Тут, осенью сорок первого, и случилось... Пошла я вечером корову доить, а свекор в окно зовет: «Вернись скорей, я не знаю, что с ним, отчего так страшно кричит».
Я вбежала в комнату. Вижу, Василий Гаврилович разложил на столе все карточки сына, Романа, от малых лет до университета, и вопит, рыдает над ними. Я рывком сдвинула карточки в ящик стола, замкнула его, ключ в карман положила. Потом похоронную у него еле отобрала. Почти ослепшая от слез прочитала: «...Пал смертью храбрых под Ржевом». Плакать себе запретила. Надо было последнего, самого родного человека спасать — Василия Гавриловича.
Спасла нас работа. Она тем военным летом и на детские плечи легла. Василий Гаврилович со школьниками еще с начала жатвы с поля не уходил. А теперь и я оставлю больного под присмотром старухи соседки и все с мужем, все с ним рядом... Тут мы с Матреной Федоровной очень сблизились. У нее муж был на фронте, дома сын маленький, а на ней такая работа и ответственность — за людей, за хлеб, за машины. Директором эмтээс она была. И настоящий человек, находила для осиротевших душевное слово.
К зиме немного пришел в себя Василий Гаврилович, но старался больше на людях быть, если не в школе, то в колхозе. А я каждый день после школы возле свекра. В начале сорок второго, восьмидесяти шести лет от роду, он умер.
Продолжение рассказа Валентины Николаевны:
— Василий Гаврилович смолоду был очень взрывчатый и упрямый. Об этом мало кто догадывался, потому что на людях он умел брать себя в руки. А дома, если что не по нем, такую бурю устроит — небо на землю рушится. Я знала, что буря эта на пять минут, и выработала свою тактику: он кричит, гремит, а я сделаюсь совсем немая, как рыба. Когда вижу, выдохся его запал, начинаю тихонько уговаривать: «Ну что ты, Вася, успокойся. Все будет по-твоему. Все, как ты хочешь...»
После иногда и к моим доводам прислушивался, но редко. Больше все решал сам.

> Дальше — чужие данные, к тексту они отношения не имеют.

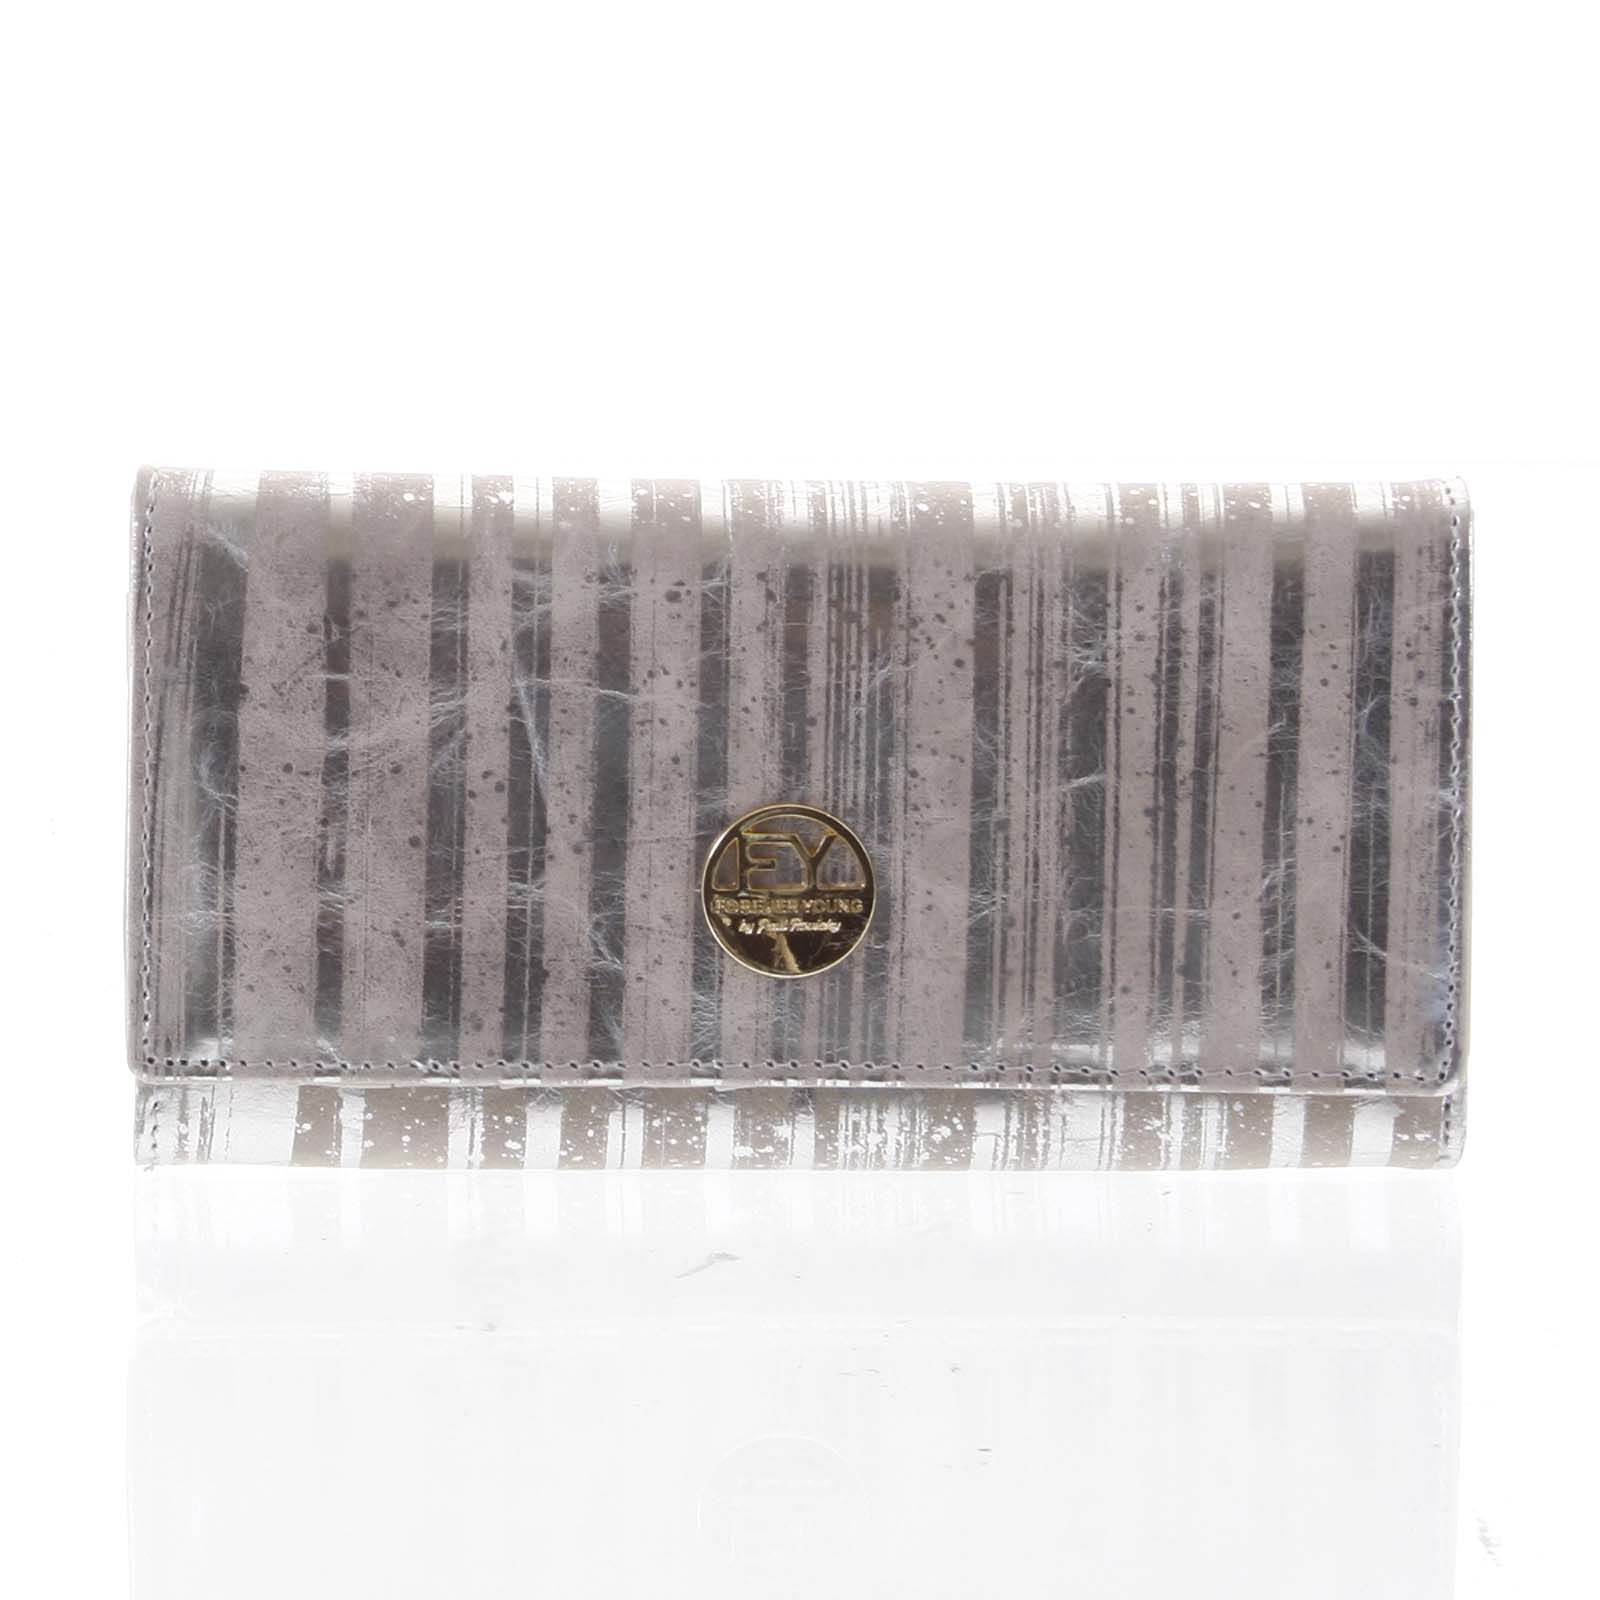 Elegantní dámská kožená peněženka stříbrná - Rovicky 64003 stříbrná

Трудный человек для семейной жизни. Думаю, никакая другая женщина с ним не ужилась бы. С годами вспыльчивость умерилась, но после гибели сына у Василия Гавриловича нервы становились подчас как оголенные провода. Кажется, прикоснись — обуглишься, и сам он сгорит дотла.

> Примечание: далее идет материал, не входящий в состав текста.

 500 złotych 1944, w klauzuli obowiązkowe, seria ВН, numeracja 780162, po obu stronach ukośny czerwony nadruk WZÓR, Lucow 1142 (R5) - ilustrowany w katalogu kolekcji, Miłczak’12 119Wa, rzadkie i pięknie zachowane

На сорок первом году совместной жизни впервые вышел у нас с ним крайний разлад. И хоть пришлось мне вначале подчиниться его воле, скоро стало ясно, кто был прав.
Умерла в Мелитополе моя мать. Отец прислал жалкое и жалостное письмо: «Не покиньте меня, старого, безнадзорного». Детками нас, почти семидесятилетних, нарекает, зовет жить к себе.